AI is reaching a tipping point
As technology firms plan hundreds of billions of dollars in new investments.

"AI sucks and can never replace me!" I've written professionally for over 15 years, and I'm not so sanguine. Here's why.
This UnfilteredFriday, let's talk AI and the startling progress it has made over the last two years. And it might yet put many of us out of our jobs.
First, some context.
I'm not your typical agency copywriter, freelance writer, or journalist. I worked previously in IT and did things like coding before switching over to full-time writing.
Because I worked on my own time, I was never constrained to a niche. Indeed, I did most of the below in any given month:
- Editorial content for online, trade publications.
- Marketing collaterals like brochures, white papers.
- Copyediting for banks, government agencies.
- Daily unsolicited opinions, news on LinkedIn.
What are my thoughts on the impact of AI?

It's getting better at writing
When ChatGPT first came out, I endeavoured to leverage AI whenever I could. Sadly, I never did get AI to produce LinkedIn posts I could accept - but that's a story for another day.
My point is: I've seen how AI has become so much better.
GPT-3.5 was scorned for its bland, formulaic output, which can still happen with GPT-4o. But it's now significantly better, especially if prompted with adequate quality input.
And yes, I could see how AI can already fill in the gaps for many of the individual content tasks above.
Edging out junior programmers
- Coding is another area that's under immense pressure. And Zhu Liang just predicted that we would see the first wave of software engineers being made redundant by AI in 2025.
I would pay attention to him, given how he uses AI every day, and is an accomplished full-stack engineering who created an AI coding tool.
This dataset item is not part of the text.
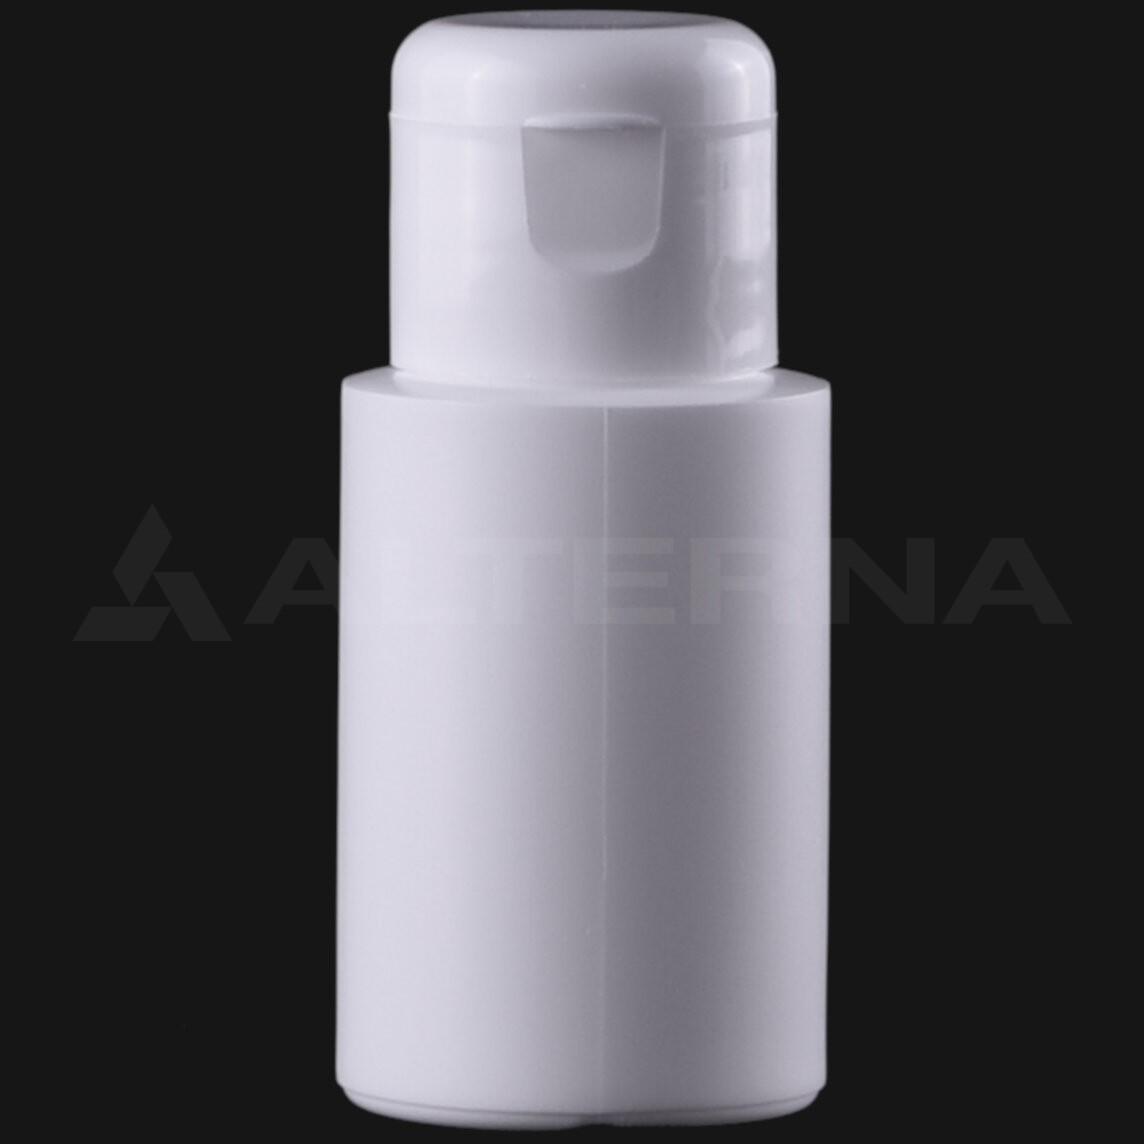 30 ml HDPE Bottle with 24 mm Flip Top Cap
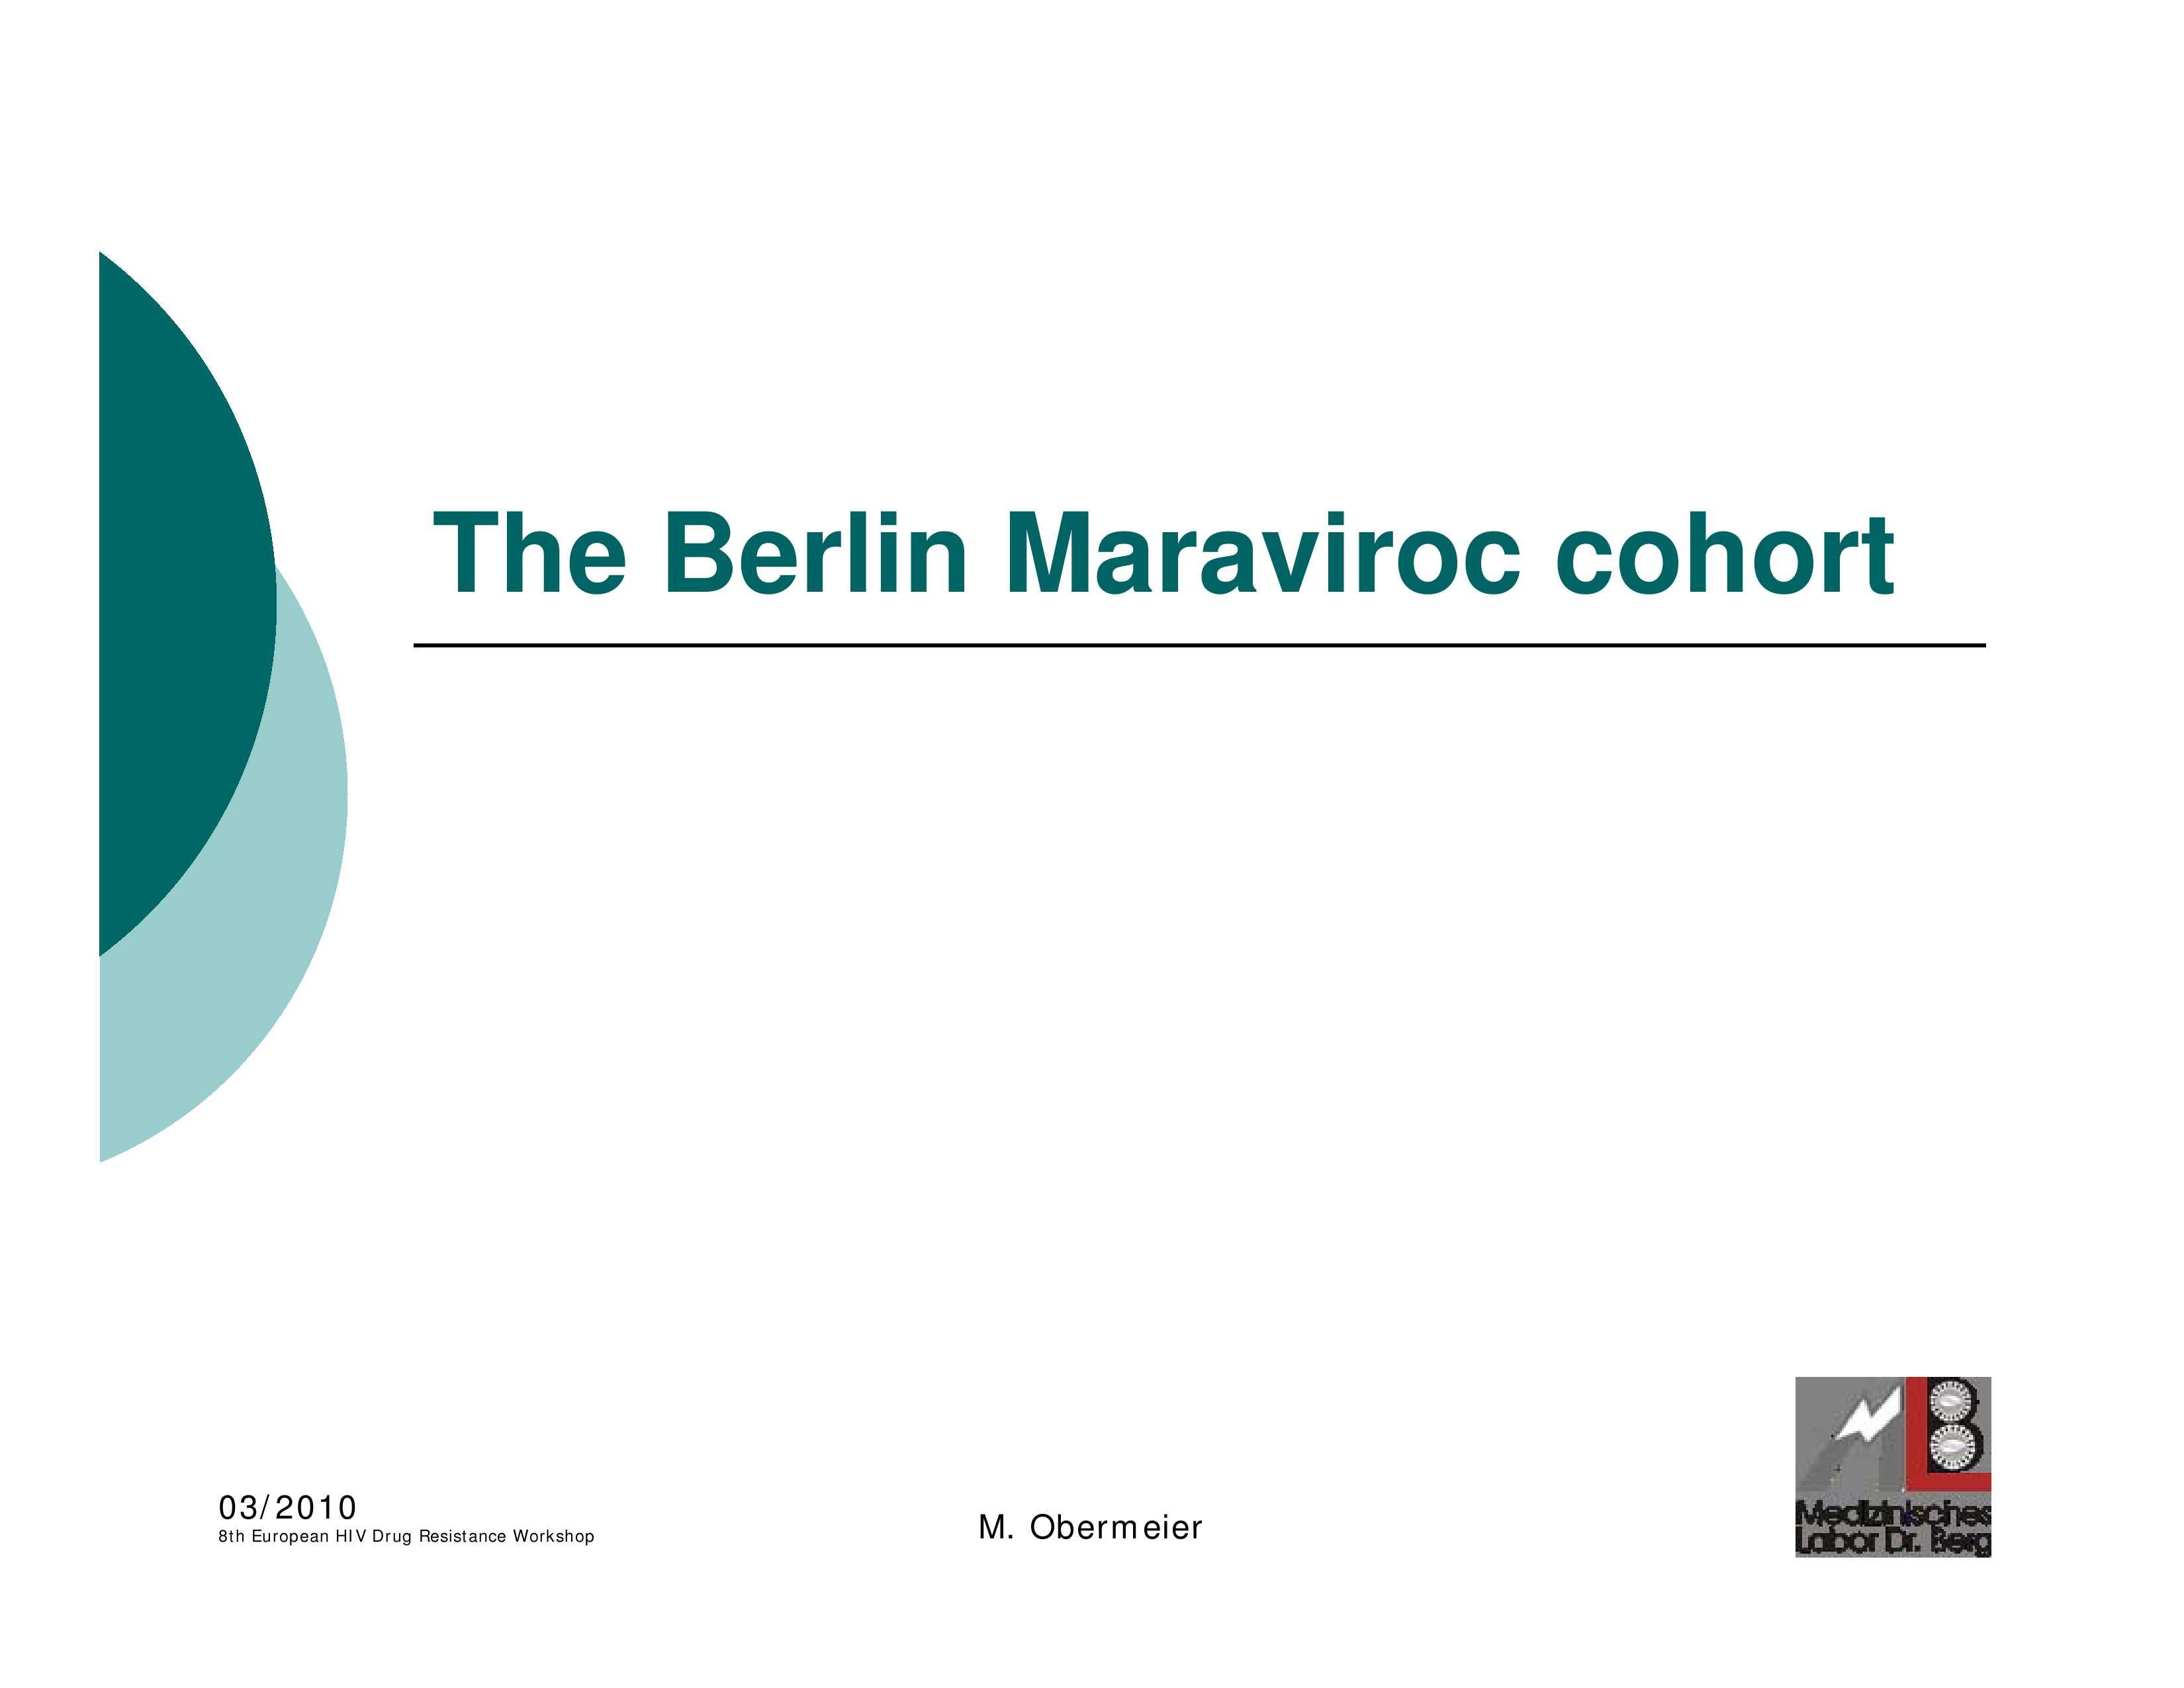 05_Mobermeier_MVC_Cohort_b-000001.jpeg

AI is gaining in other areas
Beyond writing or coding, there are AI models today that can decipher video, images, even produce natural speech.
As Uli Hitzel observed today, the omni models such as GPT-4o and Sonnet 3.5 v2 can now identify and describe the emotional impact of a visual design.
The next phase of AI
Frankly, we still don't know how AI works in its entirety, but there's certainly a lot more happening than regurgitated outputs, especially with reasoning models.
And tech giants are throwing hundreds of billions of dollars to further improve AI.
As noted by Jere Wang, planned AI spending in 2025 is off the charts:
- Amazon: US100B
- Google: US$75B
- Meta: US$65B
- Microsoft: US$80B
- Oracle: ??
That's excluding Stargate's massive US$500B aspiration.
What do you think will happen next with AI?